Network Working Group M. Nottingham
Internet-Draft Fastly
Updates: 7234 (if approved) September 28, 2017
Intended status: Standards Track
Expires: April 1, 2018

HTTP Variants
draft-nottingham-variants-00

Abstract

This specification introduces the HTTP Variants response header field to communicate what representations are available for a given resource.

Note to Readers

RFC EDITOR: please remove this section before publication

The issues list for this draft can be found at https://github.com/mnot/I-D/labels/variant.

The most recent (often, unpublished) draft is at https://mnot.github.io/I-D/variant/.

Recent changes are listed at https://github.com/mnot/I-D/commits/gh-pages/variant.

See also the draft’s current status in the IETF datatracker, at https://datatracker.ietf.org/doc/draft-nottingham-variant/.

Status of This Memo

This Internet-Draft is submitted in full conformance with the provisions of BCP 78 and BCP 79.

Internet-Drafts are working documents of the Internet Engineering Task Force (IETF). Note that other groups may also distribute working documents as Internet-Drafts. The list of current Internet-Drafts is at https://datatracker.ietf.org/drafts/current/.

Internet-Drafts are draft documents valid for a maximum of six months and may be updated, replaced, or obsoleted by other documents at any time. It is inappropriate to use Internet-Drafts as reference material or to cite them other than as "work in progress."

This Internet-Draft will expire on April 1, 2018.

Copyright Notice

Copyright (c) 2017 IETF Trust and the persons identified as the document authors. All rights reserved.

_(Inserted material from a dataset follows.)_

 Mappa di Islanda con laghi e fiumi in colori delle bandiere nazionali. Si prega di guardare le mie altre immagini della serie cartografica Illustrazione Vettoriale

This document is subject to BCP 78 and the IETF Trust's Legal Provisions Relating to IETF Documents (https://trustee.ietf.org/license-info) in effect on the date of publication of this document. Please review these documents carefully, as they describe your rights and restrictions with respect to this document. Code Components extracted from this document must include Simplified BSD License text as described in Section 4.e of the Trust Legal Provisions and are provided without warranty as described in the Simplified BSD License.


Table of Contents

1. Introduction

HTTP proactive content negotiation ([RFC7231], Section 3.4.1) is starting to be used more widely again. The most widely seen use – determining a response’s content-coding – is being joined by renewed interest in negotiation for language and other, newer attributes (for example, see [I-D.ietf-httpbis-client-hints]).

Successfully reusing negotiated responses that have been stored in a HTTP cache requires establishment of a secondary cache key ([RFC7234], Section 4.1) using the Vary header ([RFC7231], Section 7.1.4), which identifies the request headers that form the secondary cache key for a given response.

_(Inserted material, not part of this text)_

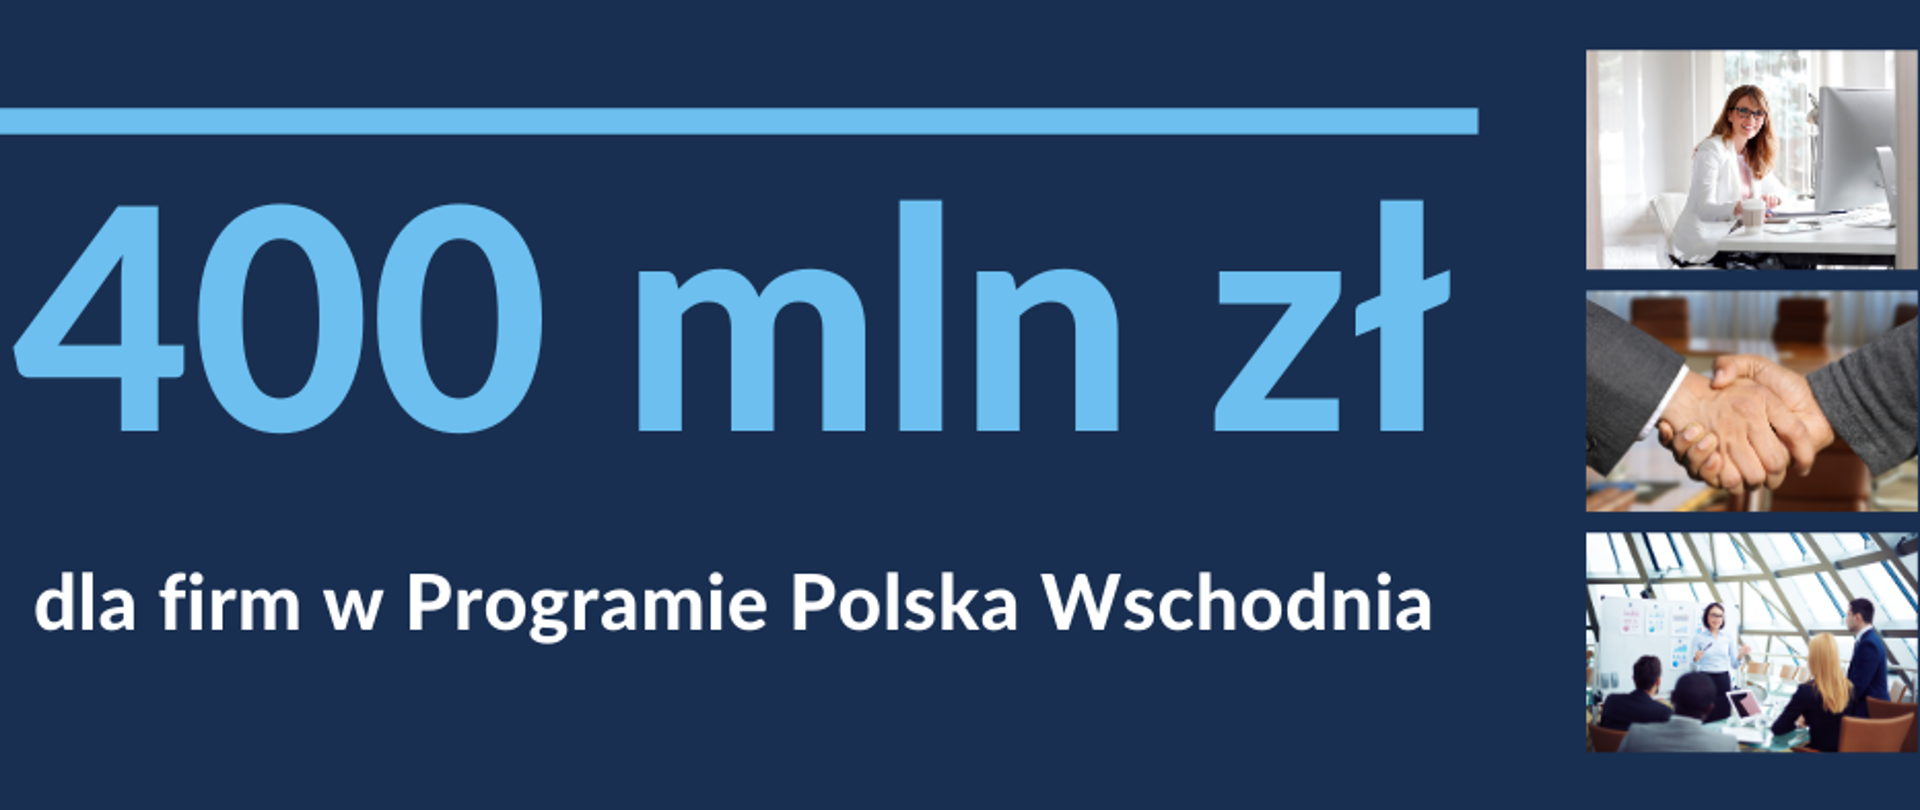 Grafika z napisem 400 mln zł dla firm w Programie Polska Wschodnia

HTTP’s caching model allows a certain amount of latitude in normalising request header fields to match those stored in the cache, so as to increase the chances of a cache hit while still respecting the semantics of that header. However, this is often inadequate; even with understanding of the headers’ semantics to facilitate such normalisation, a cache does not know enough about the possible alternative representations available on the origin server to make an appropriate decision.

For example, if a cache has stored the following request/response pair:

GET /foo HTTP/1.1
Host: www.example.com
Accept-Language: en;q=1.0, fr;q=0.5

HTTP/1.1 200 OK
Content-Type: text/html
Content-Language: fr
Vary: Accept-Language
Transfer-Encoding: chunked

[French content]

Provided that the cache has full knowledge of the semantics of Accept-Language and Content-Language, it will know that a French representation is available and might be able to infer that an English representation is not available. But, it does not know (for example) whether a Japanese representation is available without making another request, thereby incurring possibly unnecessary latency.

This specification introduces the HTTP Variants response header field to enumerate the available variant representations on the origin server, to provide clients and caches with enough information to properly satisfy requests – either by selecting a response from cache or by forwarding the request towards the origin.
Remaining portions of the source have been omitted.